In this blog, we delve into an intriguing comparison that uncovers the intricate interplay between high interest rates and contingent convertible bonds (CoCos), acknowledging the dynamics governing credit spreads and CoCos spreads as we enter the uncharted territory of the highest interest rates since the inception of CoCos. Factors such as market sentiment, market volatility, macroeconomic shifts, geopolitical events, and regulatory winds contribute to this complex puzzle.
At the core of banks’ operations lies a clear directive: borrowing at lower short-term rates and lending at higher long-term rates. As interest rates ascend to their pinnacle, the net interest margin unfolds. This expanding margin translates into heightened profitability. Picture the act of borrowing at lower rates and lending at higher ones with a substantial gap between them – it’s akin to a sumptuous feast for the financial institution. In the realm of finance, this manoeuvre is textbook material: the classic ‘buy low, sell high’ strategy.
Strengthened by a shared foundation
CoCos benefit directly from the augmented profitability brought about by high interest rates.
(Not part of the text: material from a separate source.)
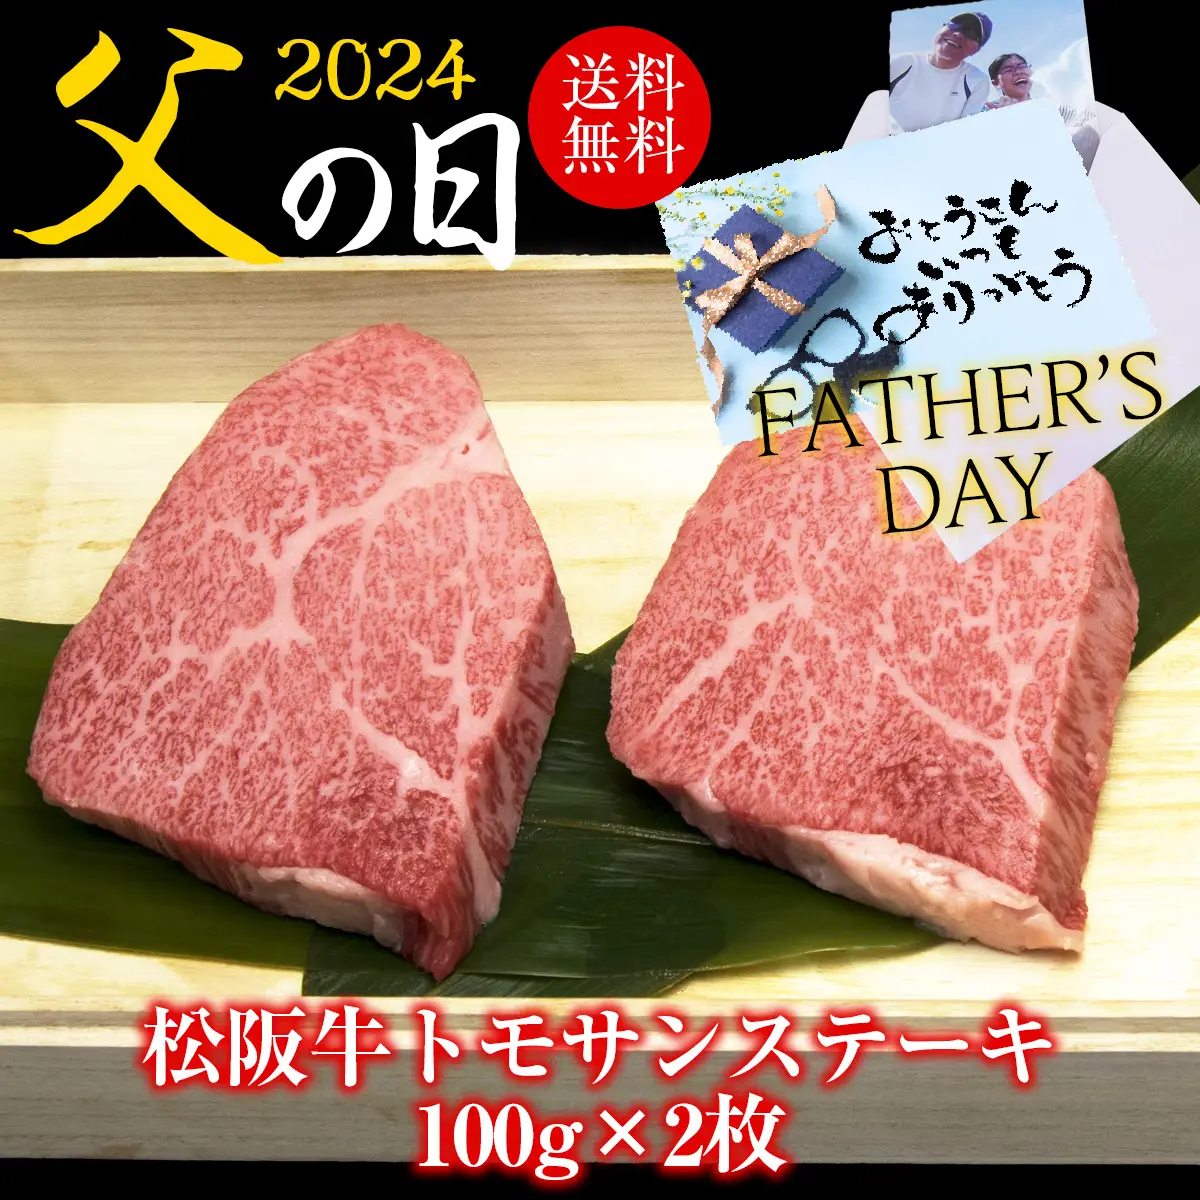 【父の日】松阪牛トモサンステーキ100g×2枚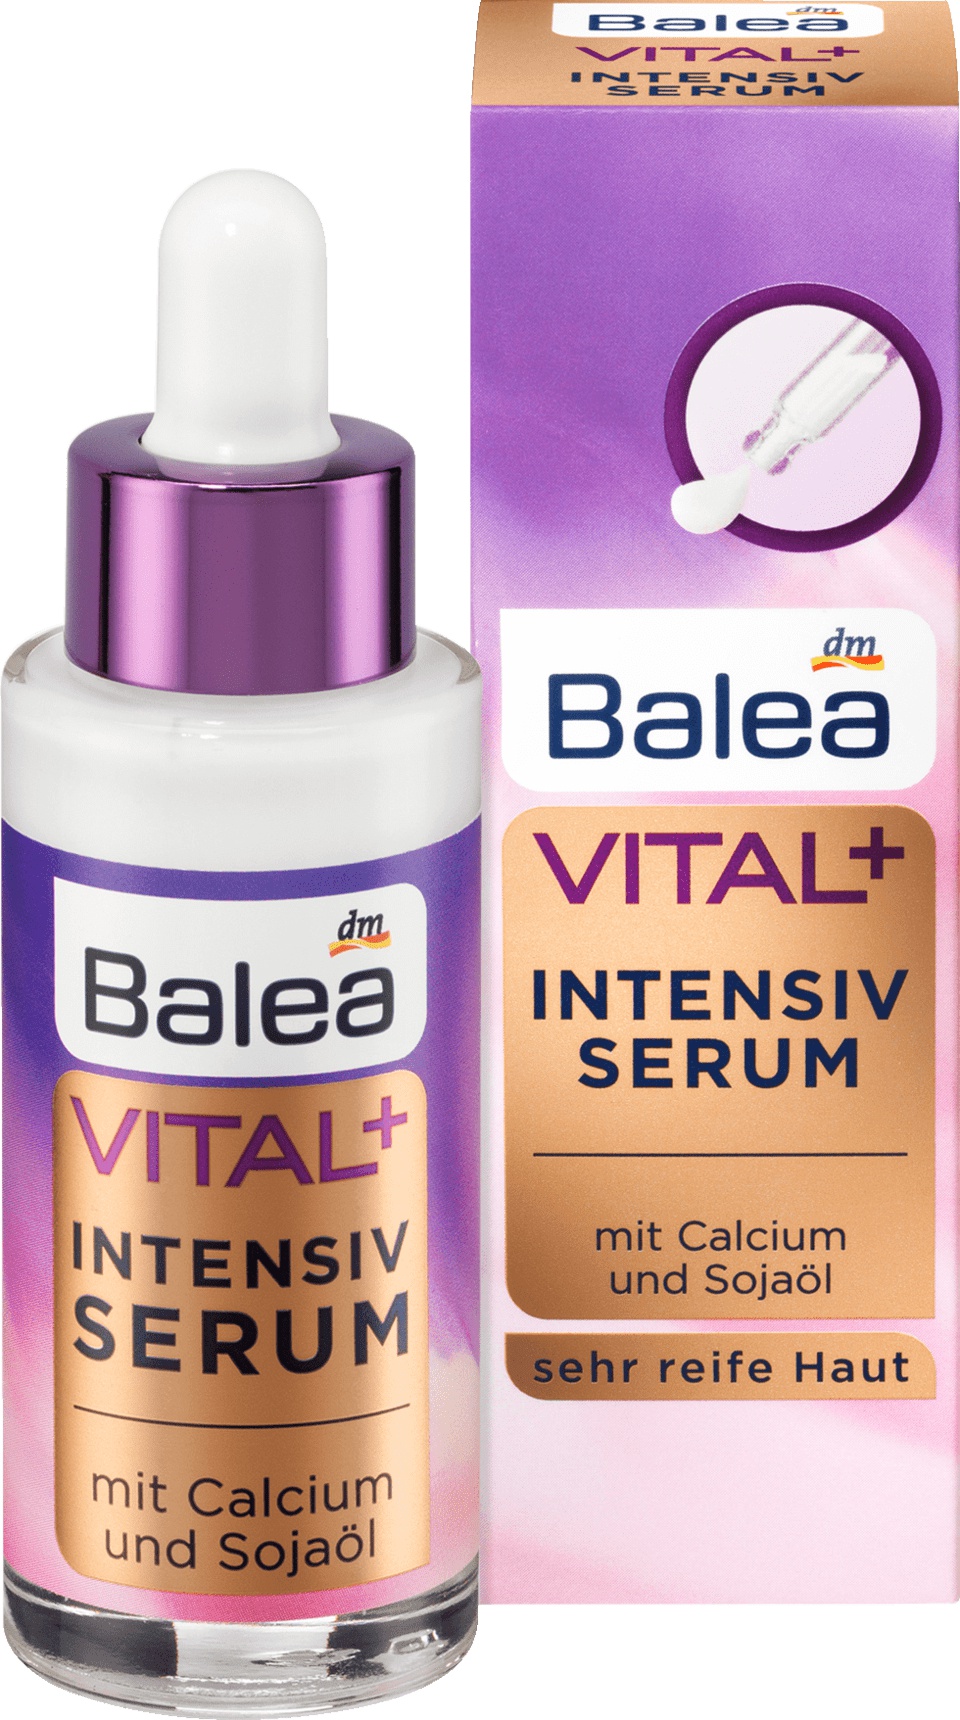 Balea Vital+ Intensiv Serum

This robustness resonates through stronger balance sheets, providing a formidable defence against potential CoCos conversion or write-down risks.
With the European Central Bank (ECB) and Bank of England (BoE) expecting inflation to be higher for longer, it is expected that higher interest rates will also remain, and we are unlikely to see the lower levels of the past for some time. The secondary market has also given similar indications with yields on 10-year and 30-year government bonds trading at multi-decade highs.
Source: Bloomberg. Period from 31 July 2021 to 31 July 2023. Based on BGN quotes of Bid YTM of GTEUR10Y Corp. Historical performance is not an indication of future performance, and any investments may go down in value.
While some smaller banks have recently faced trouble, primarily because of unhedged exposure to longer duration treasuries, we believe the worst is over for the banking sector. The higher rates will likely boost earnings and strengthen banks’ balance sheets as discussed previously. The reduced risk, when fully priced in, could lead to lower spreads on CoCos and potential price gains in the short term. In a rare scenario, where interest rates were to fall in the short term, CoCos are expected to benefit from a drop in yields through potential price gains. It is also important to highlight that CoCos have relatively low duration risk which allows investors to lower their duration risks in the event of further unexpected rate hikes that aren’t already priced in. This highlights the robustness of CoCos at this unique juncture, wherein most scenarios could lead to positive gains with lower duration risk and low write-down and conversion risks.
Source: WisdomTree, Markit. Period from 01 October 2015 to 31 July 2023. Calculations include backtested data. OAS is the option-adjusted spread reported by Markit and is based on the effective duration-adjusted market value weighting. Workout dates used in the OAS calculation of individual bonds are reset at the end of the month in case the bonds are not called. This calculation approach impacts the OAS figures for the index intramonth until the workout dates are reset. The strategy is represented by the iBoxx Contingent Convertible Liquid Developed Europe AT1 Index. You cannot invest directly in an index. Historical performance is not an indication of future performance and any investments may go down in value.
Source: WisdomTree, Markit. Period from 02 January 2014 to 31 July 2023. Calculations include backtested data. YTW is Yield to Worst reported by Markit and is based on the duration-adjusted market value weighting. Workout dates used in the yield to worst calculation of individual bonds are reset at the end of the month in case the bonds are not called. This calculation approach impacts the yield to worst figures for the index intramonth until the workout dates are reset. The strategy is represented by the iBoxx Contingent Convertible Liquid Developed Europe AT1 Index. You cannot invest directly in an index. Historical performance is not an indication of future performance and any investments may go down in value.
Conclusion
In light of the recent shift towards elevated interest rates, we believe that contingent convertible bonds (CoCos) are poised to demonstrate robust performance. This outlook applies to both the short term, where the potential for price appreciation exists, and the long term, propelled by augmented yields. Notably, this is uncharted territory, marked by the highest interest rates ever witnessed since CoCo’s were created and we perceive this as a potential opportunity for an asset class with historically higher risk.